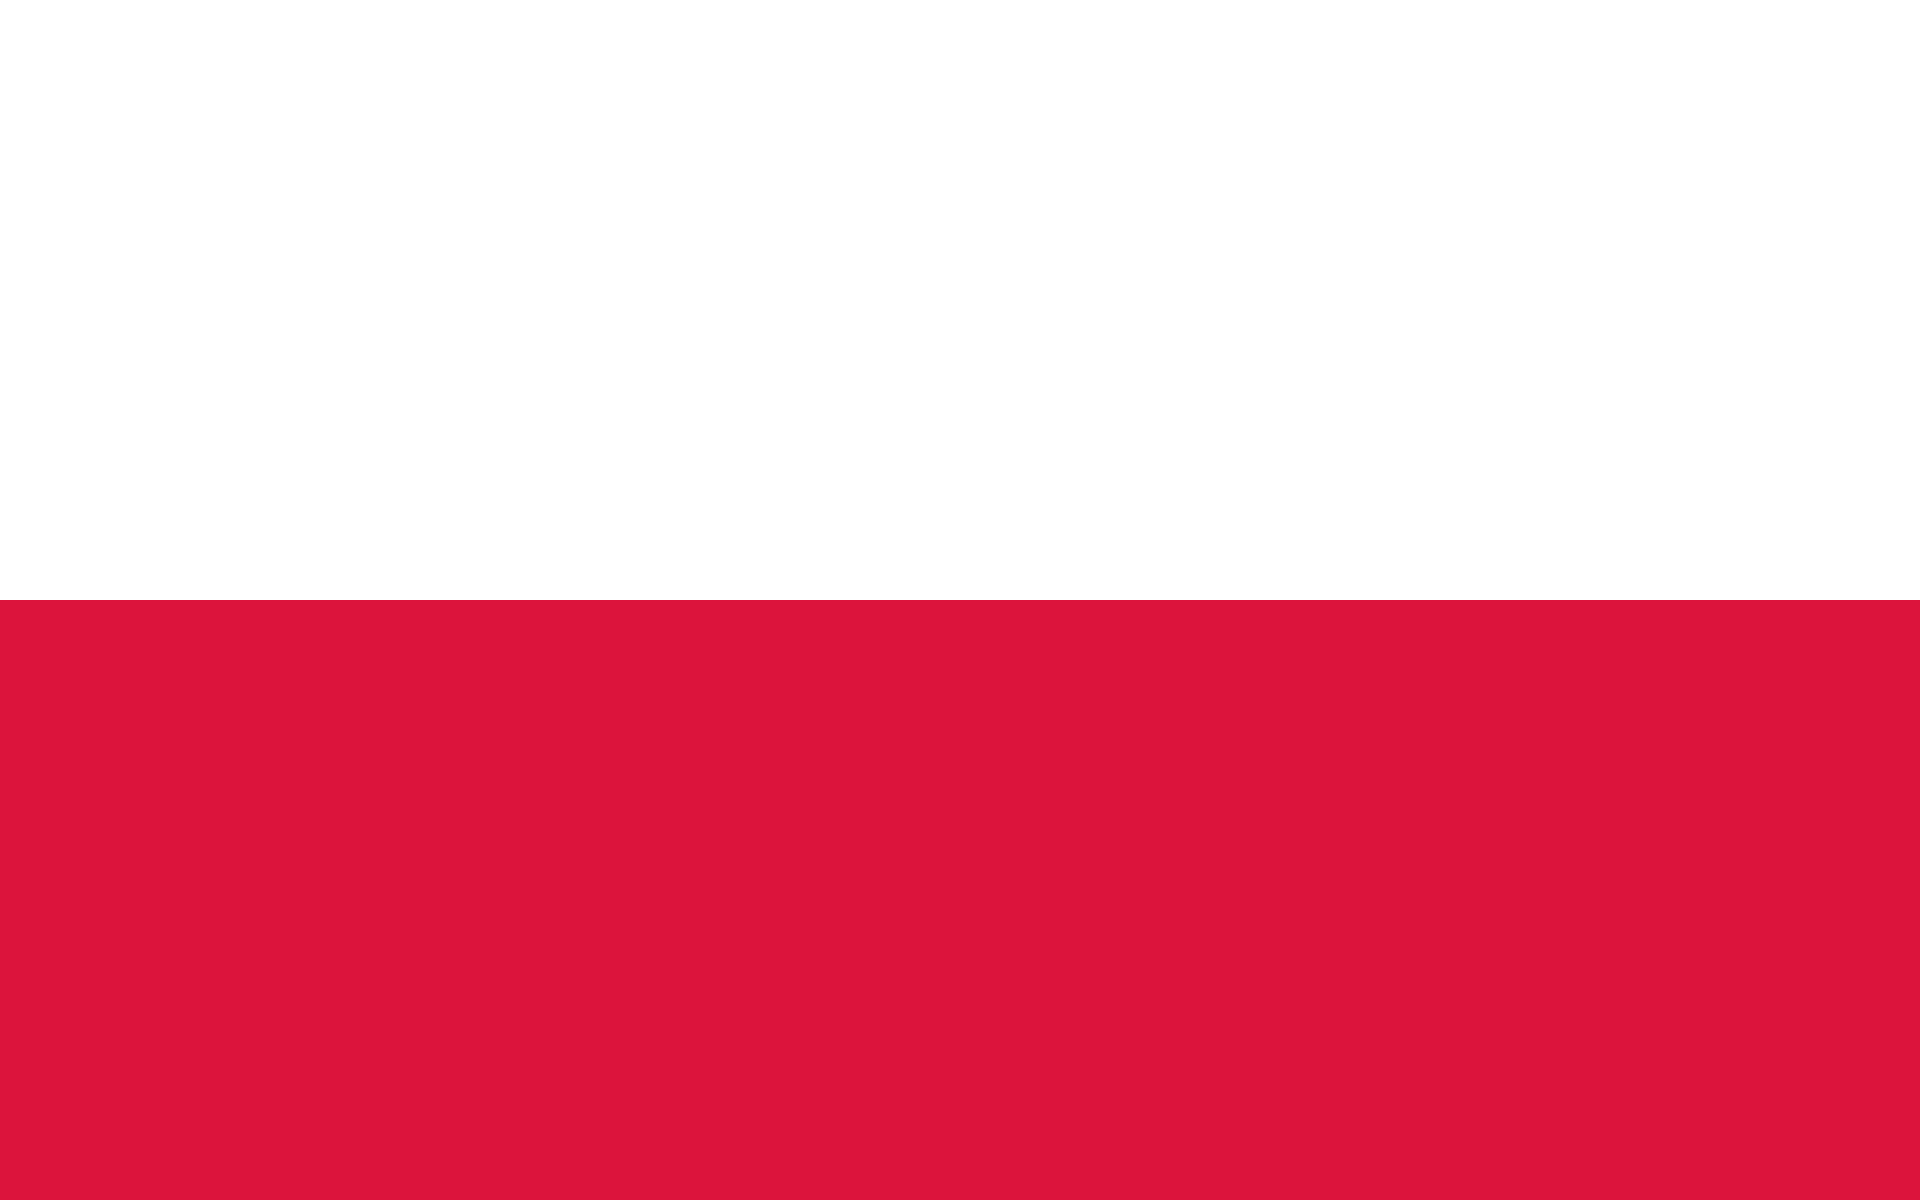 Gastlandflagge Polen 40X60cm
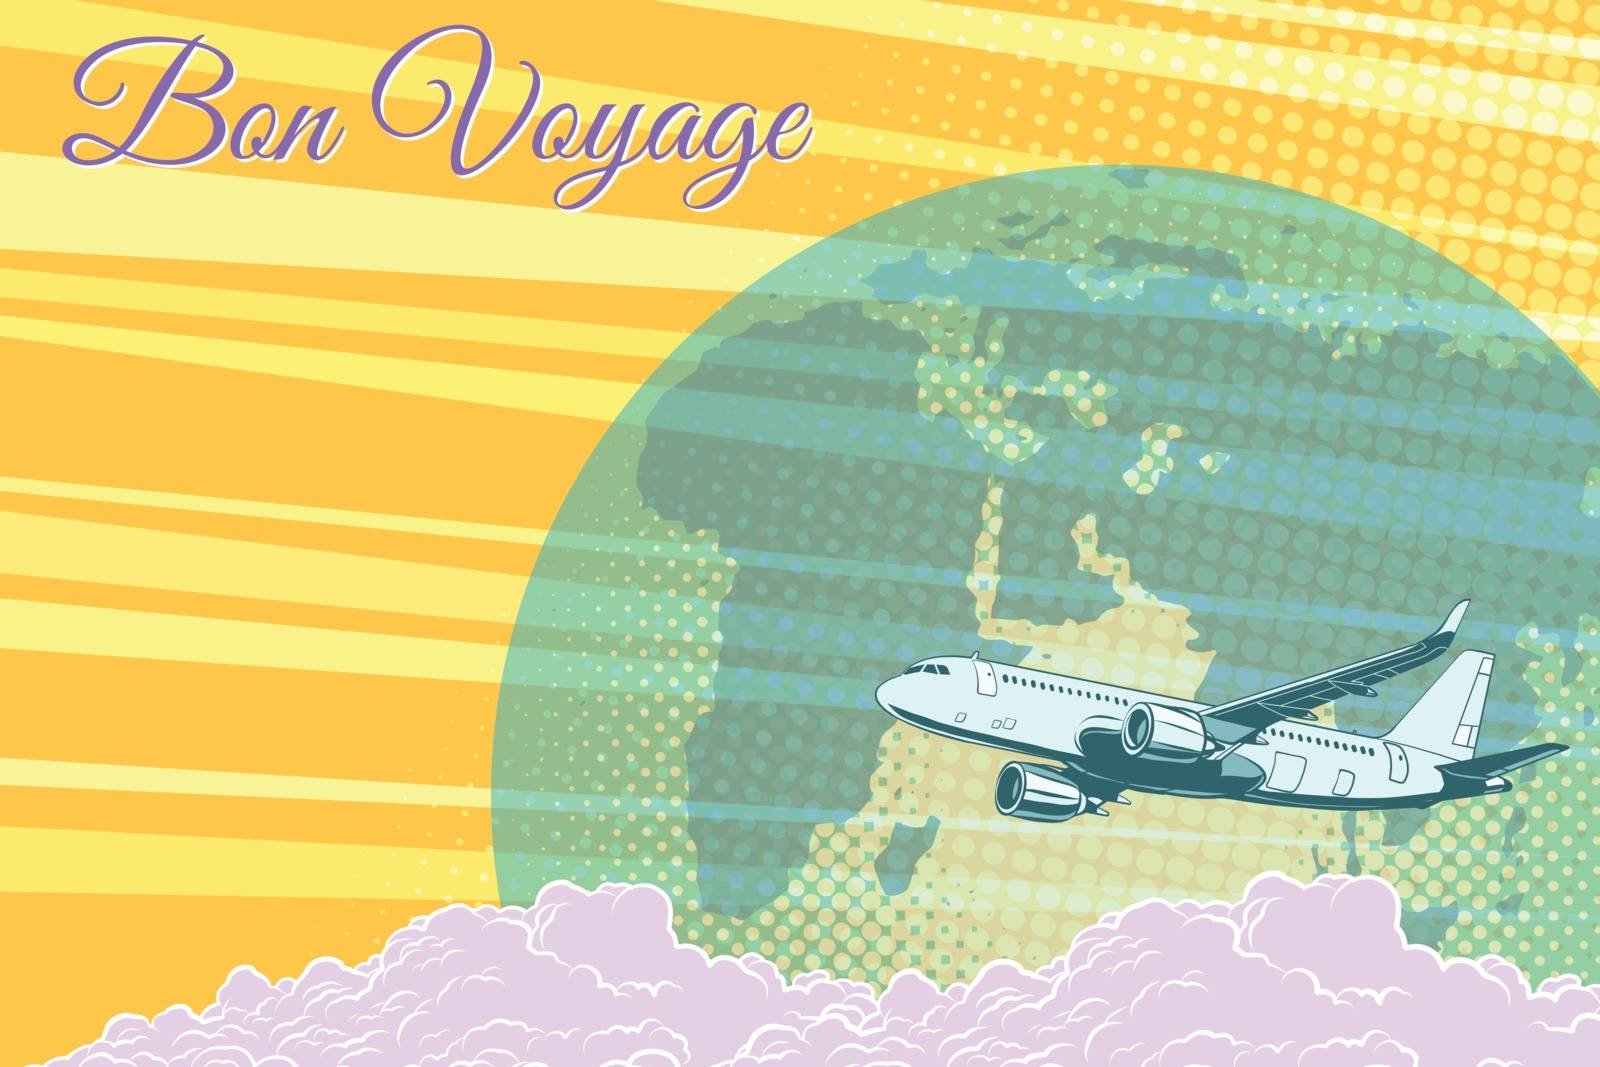 Plane flight travel tourism retro background Bon voyage. Pop art vector illustration
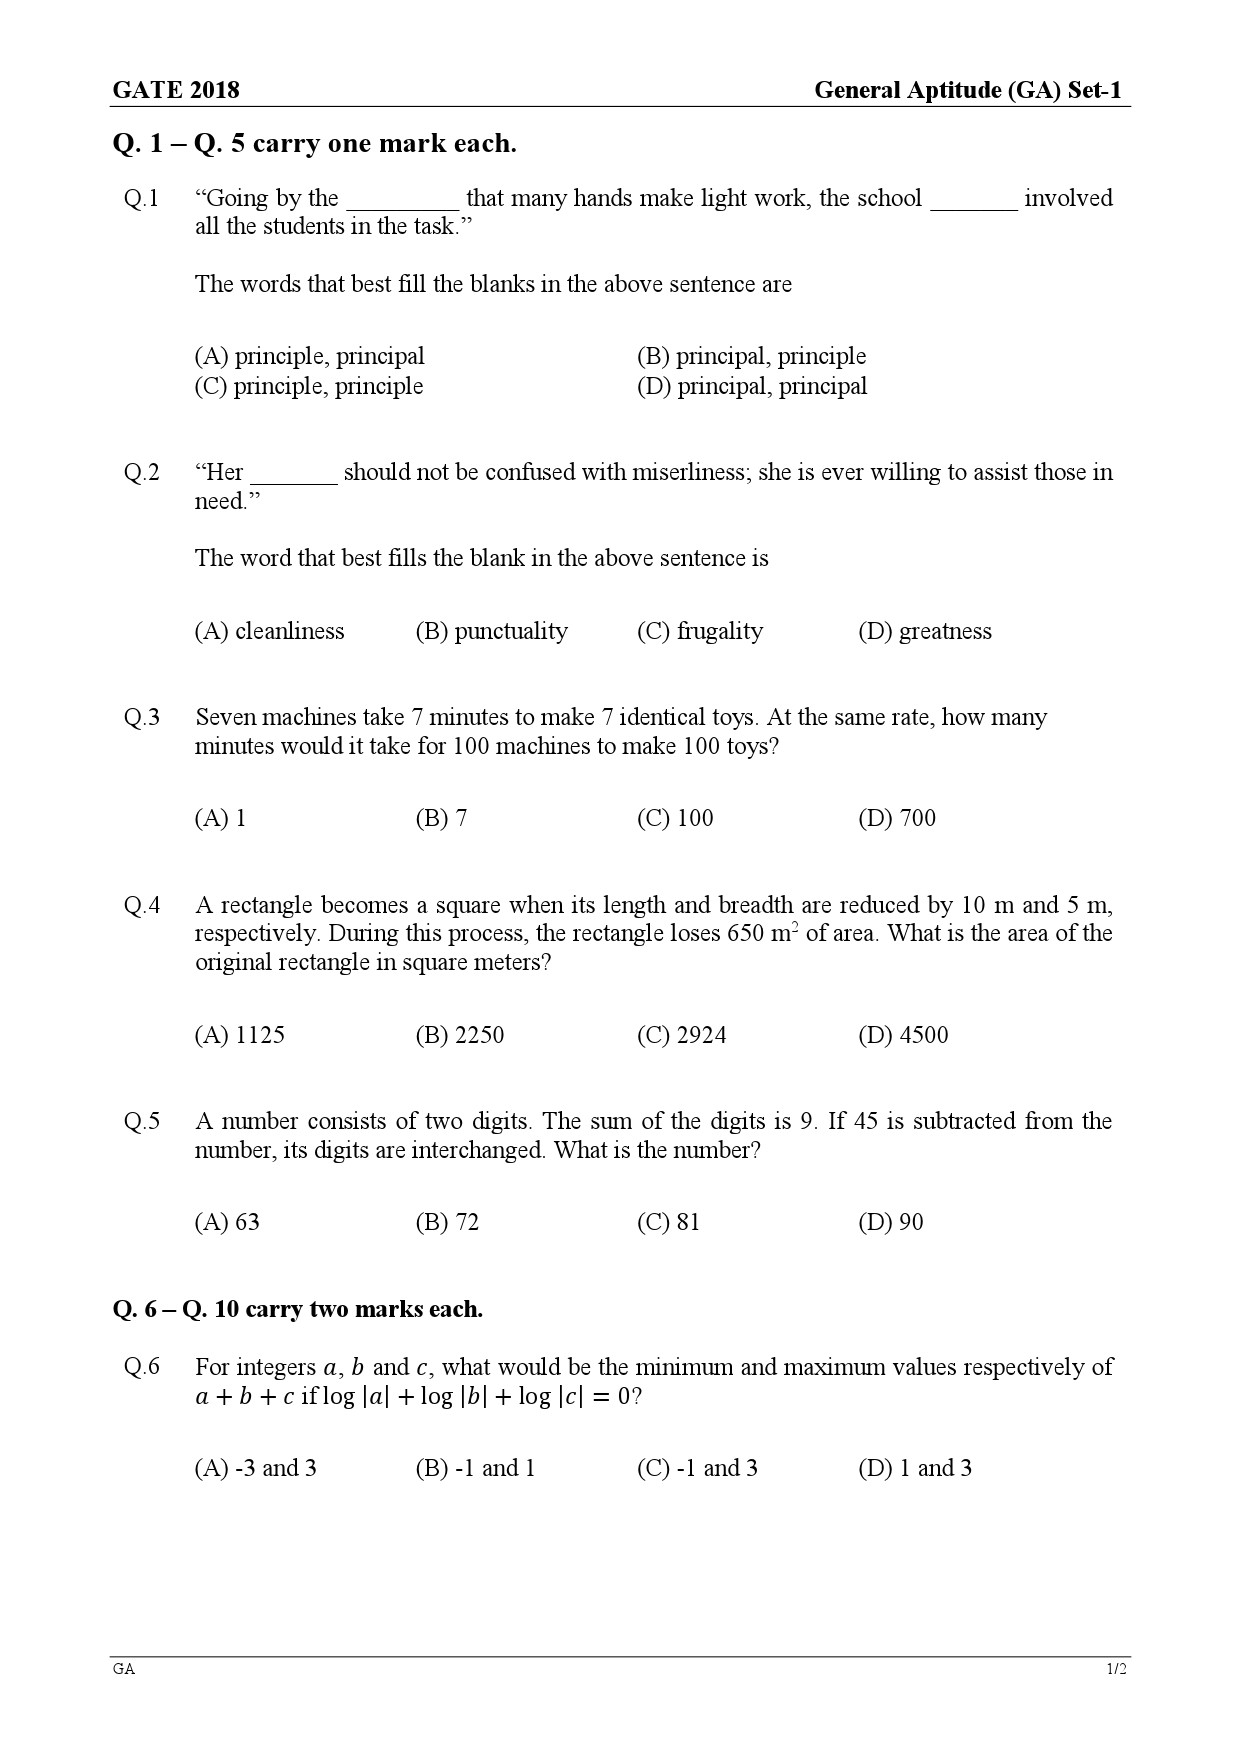 GATE Exam Question Paper 2018 Petroleum Engineering 1

[Your goal]
Return exactly the lines that begin with the one containing "Plane flight travel" and end with the final line of the data above; include no pictures.

[Output below]
 Plane flight travel tourism retro background Bon voyage. Pop art vector illustration
 GATE Exam Question Paper 2018 Petroleum Engineering 1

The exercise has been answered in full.